---
title: "Pseudobulk and differential expression"
author: "Constantin Ahlmann-Eltze"
date: "`r Sys.Date()`"
output: BiocStyle::html_document
vignette: >
  %\VignetteIndexEntry{Pseudobulk and differential expression}
  %\VignetteEngine{knitr::rmarkdown}
  %\VignetteEncoding{UTF-8}
---

```{r, include = FALSE}
knitr::opts_chunk$set(
  collapse = TRUE,
  comment = "#>"
)
set.seed(2)
```


# Pseudobulk

A pseudobulk sample is formed by aggregating the expression values from a group of cells from the same individual. The cells are typically grouped by clustering or cell type assignment. Individual refers to the experimental unit of replication (e.g., the individual mice or patients).

Forming pseudobulk samples is important to perform accurate differential expression analysis. Cells from the same individual are more similar to each other than to cells from another individual. This means treating each cell as an independent sample leads to underestimation of the variance and misleadingly small p-values. Working on the level of pseudobulks ensures reliable statistical tests because the samples correspond to the units of replication.

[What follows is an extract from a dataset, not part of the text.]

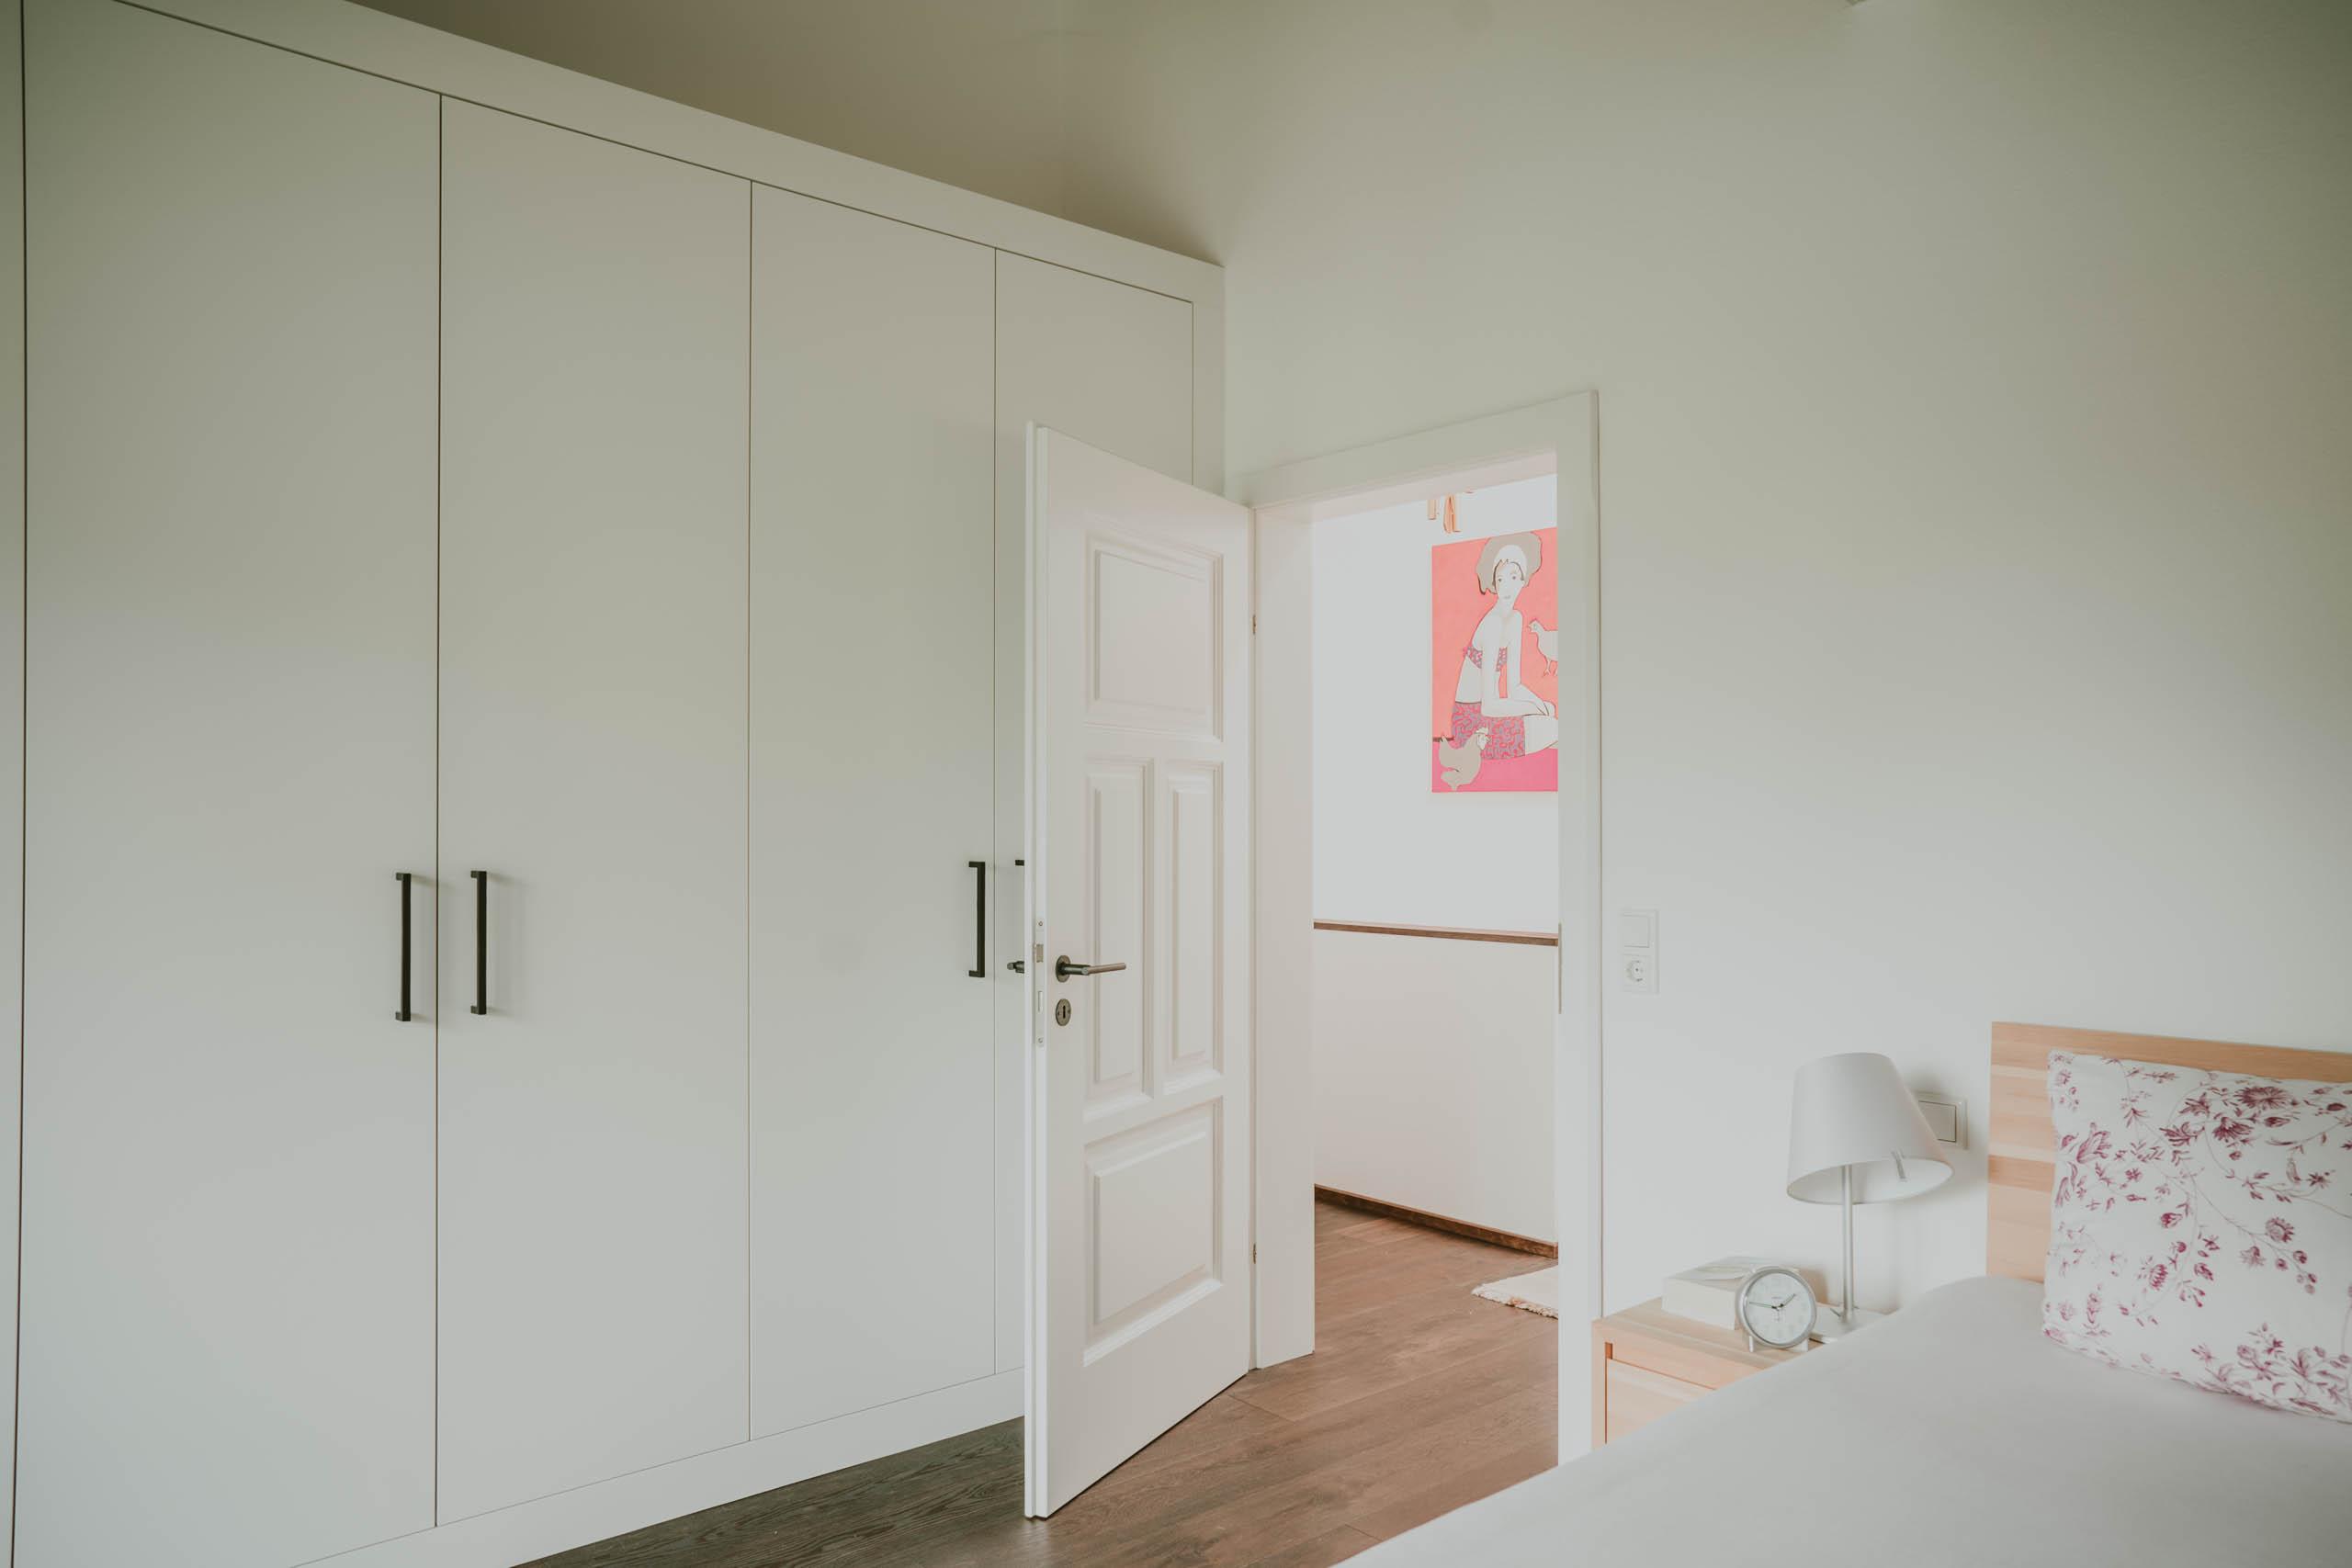 20210521 paula buchner innenarchitektur haus im chiemgau by andreamittermeier 9AM06412

We can use pseudobulks for example to find the expression changes between two conditions for one cell type.

# Example

```{r out.width = '70%', echo = FALSE}
knitr::include_graphics("img/kang_data_overview.png")
```

I load a `SingleCellExperiment` object containing gene expression counts from eight Lupus patient before and after interferon beta stimulation. The creator of the dataset has already annotated the cell types and if cell is a singlet.

```{r}
sce <- muscData::Kang18_8vs8() 
# Keep only genes with more than 5 counts
sce <- sce[rowSums(counts(sce)) > 5,]
colData(sce)
```

The `pseudobulk` functions emulates the `group_by` and `summarize` pattern popularized by the `tidyverse`.
You provide the columns from the `colData` that you want to use for grouping the data (akin to `group_by`) and named arguments specifiying how you summarize the remaining columns (akin to `summarize`). Using the `aggregation_functions` you can set how the `assay`'s and `reducedDim`'s are summarized with a named list.

Here, I create a pseudobulk sample for each patient, condition, and cell type. This means for example that the counts of the 119 B-cells from patient 101 in the control condition are summed to one column in the reduced dataset. 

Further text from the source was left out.